A moment with…Tom Guise: Part One
For the current issue’s Mega Drive celebratory feature we sent a whole bunch of questions to a whole bunch of videogame journos to gather a whole bunch of their thoughts on Sega’s wonder machine, and sadly not all of them got back to us in time to make it into the article.
At the time we fired off an email to Tom Guise (of MegaTech fame) he told us that he was in Macau playing poker to the early hours, so you’d think answering our questions would probably be the last thing on his mind. Not so. Amazingly Tom did get back to us and provided us with some really great answers about his memories of the Mega Drive, and we were royally miffed we didn’t have time to include them in the actual feature. Anyway, because I didn’t want them going to waste I asked Tom if he would be happy for us to post his answers onto our blog, and he kindly agreed.
Cheers Tom.
Can you recall the first time you ever saw a Mega Drive running, and what was your impression of the machine?
The first time I saw a Mega Drive running was only when I’d bought it. December 1990, 18 years old. Until that point, all I’d had was a long-defunct BBC Micro, but all my friends had Amigas (and previously, C64s), and I just wanted to play some cool games for Christmas. I’d earned some money from my cretinous job at the time, and just kept looking at the dazzling pictures of Altered Beast on the back of the box. Arcade-quality, the box said. It was, of course, a magnificent fabrication, and I was all set to return the machine in disgust, except, fortunately, I’d also bought Golden Axe. Kicking those little squeaking imps about to release little blue bottles, and thumping the dwarf (controlled, of course, by your friend) on the head with the butt of your sword – so as to simulate a forced blow job – sold me. I’d also bought Super Hang On, which truly was awesome. There weren’t many UK games out at the time. And, after misguidedly buying (and returning) the dire Last Battle and (the just plain mediocre) Super Thunderblade, I picked up the slightly pricier Ghouls ‘N’ Ghosts, mainly because it promised a two-player feature (in fact, alternating two-player action, you lying sh*&s). All was forgiven though, because it really was, and still is, one of the best games I’ve ever played. And then, when I saw the arcade original in my local sports centre cafeteria, I realised… Sega hadn’t lied to me – the Mega Drive really could have arcade perfect games (with slightly smaller graphics). Better, in fact – you couldn’t jump diagonally in the arcade game!
What is your all time favourite Mega Drive game and why?

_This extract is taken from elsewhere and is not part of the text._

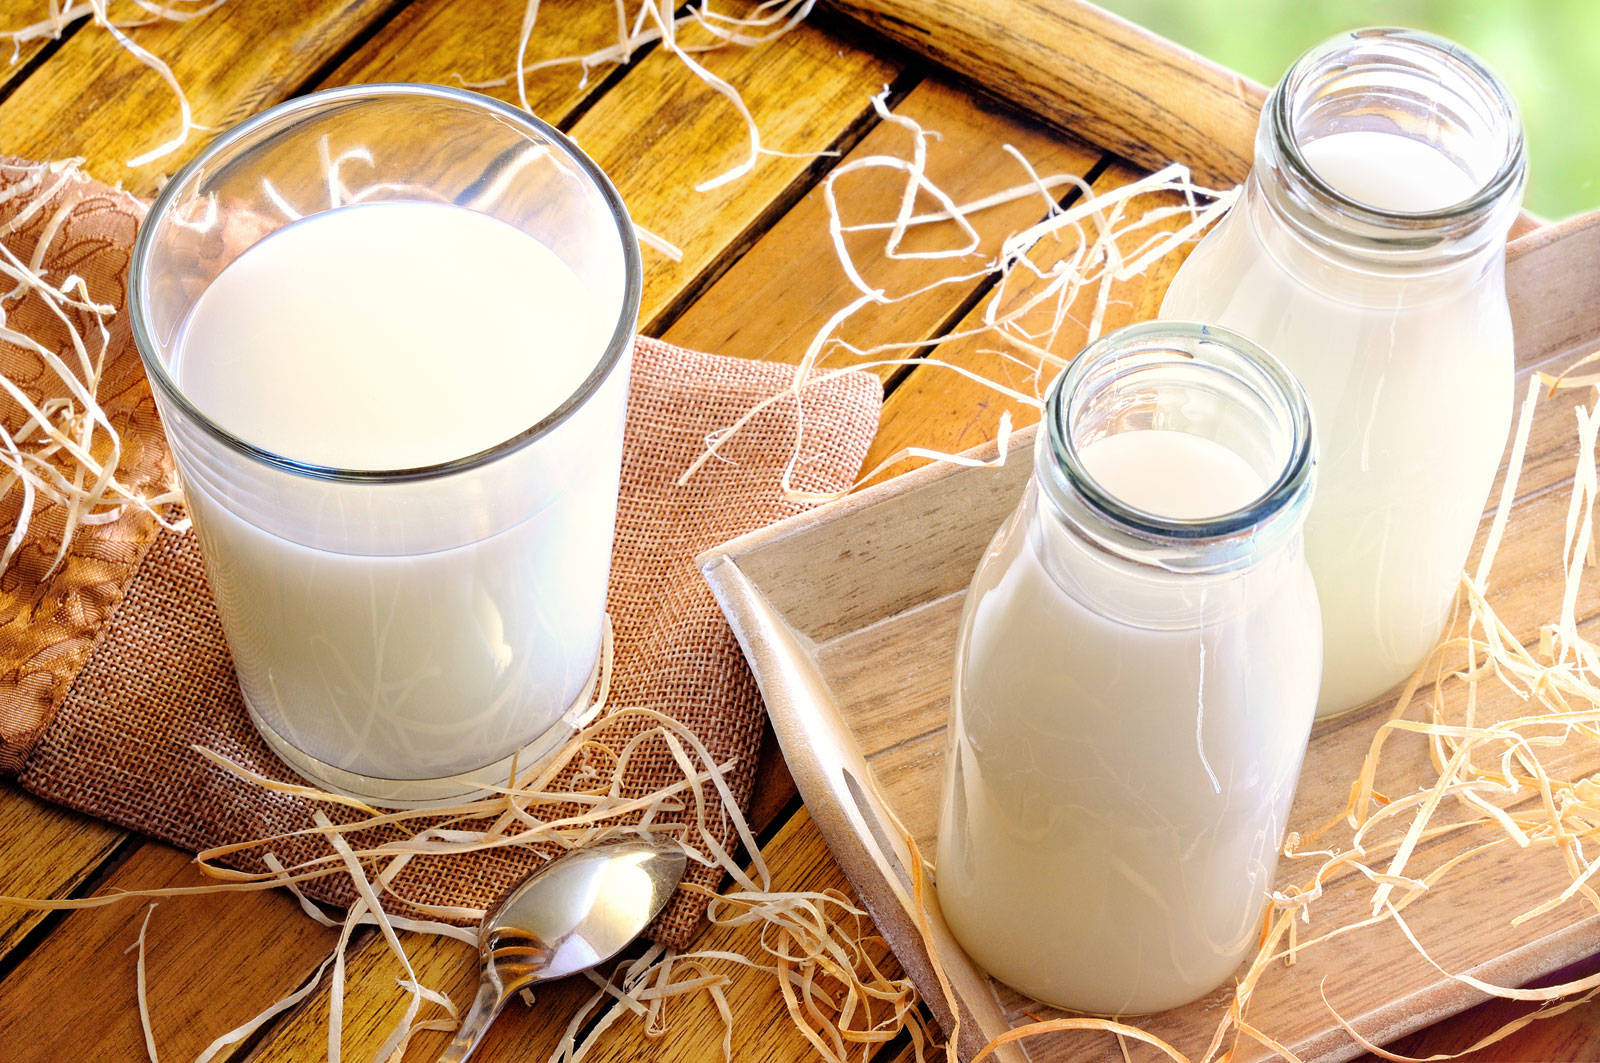 Введение маркировки замедлило рост цен на молочную продукцию

Possibly the original Sonic the Hedgehog, just because it really was the first Mega Drive game that actually looked like something you couldn’t do on any other machine at the time. It was fast (really fast), stylish, cool, and it was amazing fun. I remember looking at it playing in the window of Rumbelows, next to Super Mario World, and it looked way better (in hindsight, SMW was obviously technically better). But that was what truly defined Sega and Nintendo fans at the time – superficial looks, instant gratification and cool versus technical edge, depth and challenge. I was an instant gratification junkie, still am. Funnily enough, I was just in Asia playing poker, sitting next a guy who is now a director of an online betting site, and I told him I used to write for games mags. “I know,” he said. “I used to read your stuff.” Which was spooky. Then he said, “I was on Gamesmaster once, for completing Act One of Sonic the Hedgehog in the fastest time.” “26 seconds,” I said instantly, and we both laughed knowigly. If you can’t do that, you never played your Mega Drive properly.
What is your favourite Sega series and why?

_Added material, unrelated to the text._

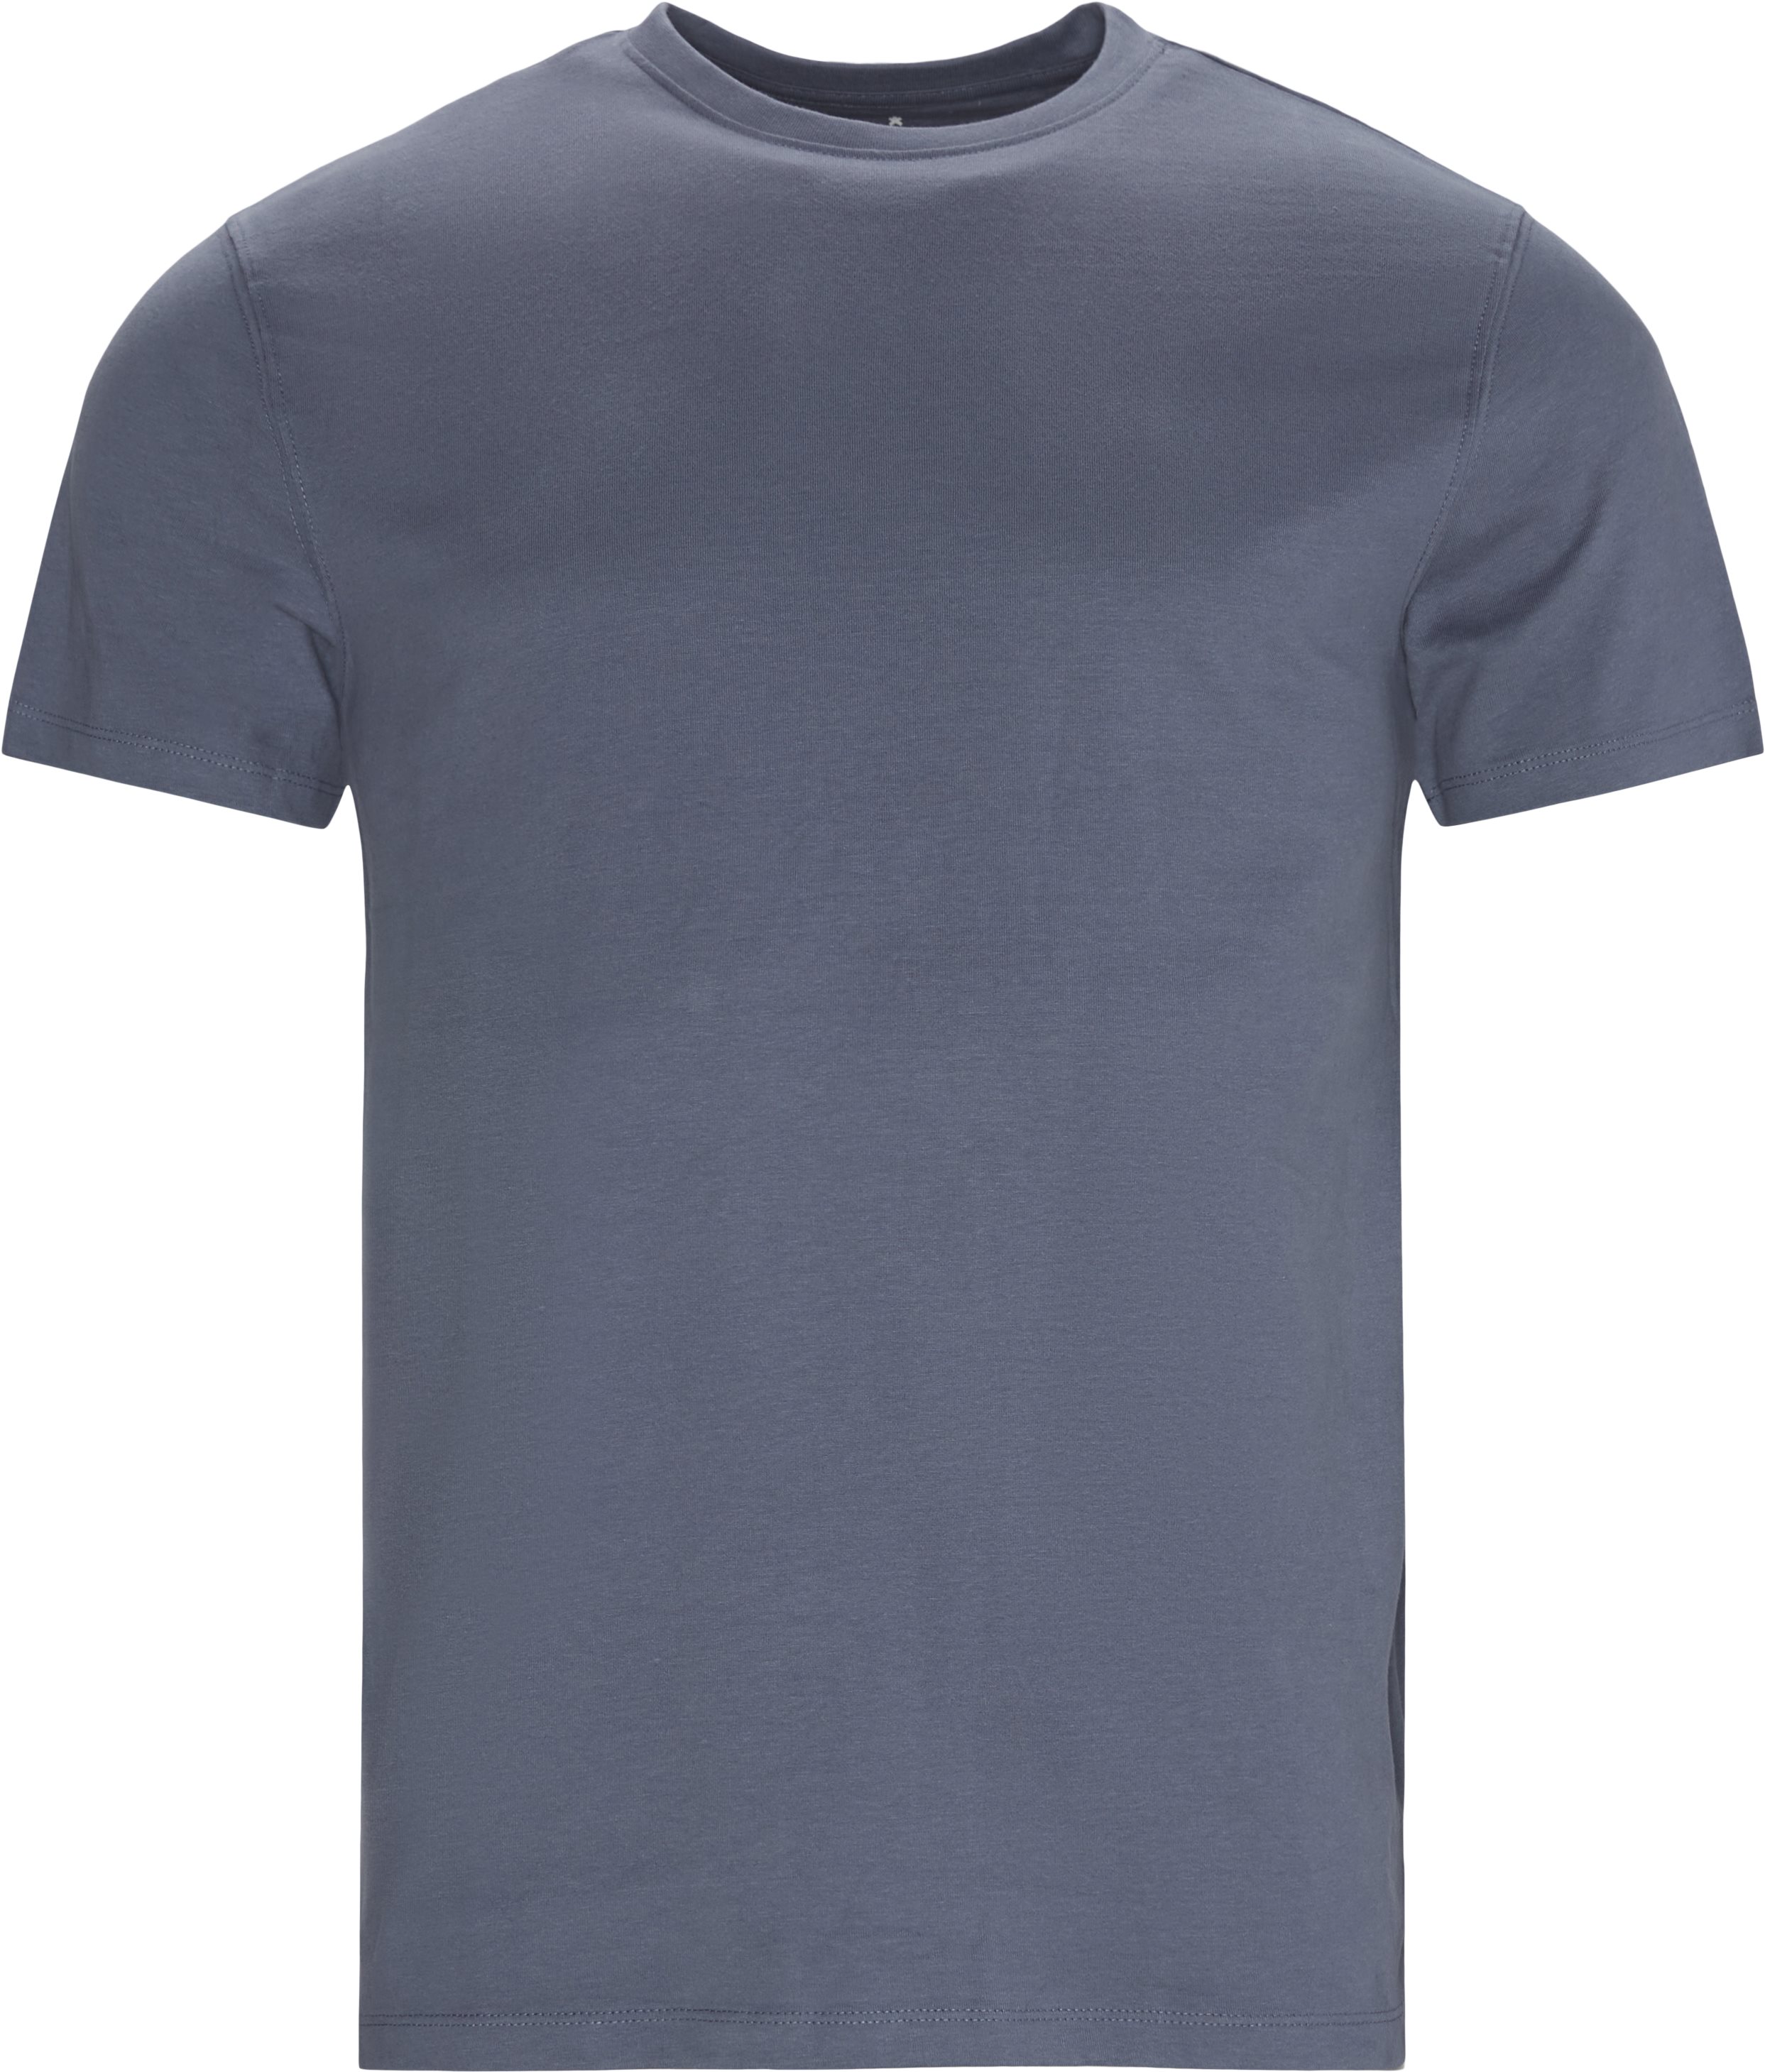 Brandon Crew Neck Tee - T-shirts - Regular fit - Blå

That would be the Virtua Fighter series, but you’re talking Mega Drive, right? As a series, the Sonic games, I guess, because they were all monumentally cool (I’m not including Spinball, and that s*!tty isometric one), and each one appeared at a defining moment in my Mega Drive history. Sonic 1 spurred me to get my job, Sonic 2 was around just when the world went Mega Drive mad (and we partied with Right Said Fred and Cathy Dennis at Hamleys), and Sonic 3 appeared during the peak of the machine’s technical power. I didn’t like his cross-eyed, waddling look though. I’m convinced the Americans were behind that freakshow.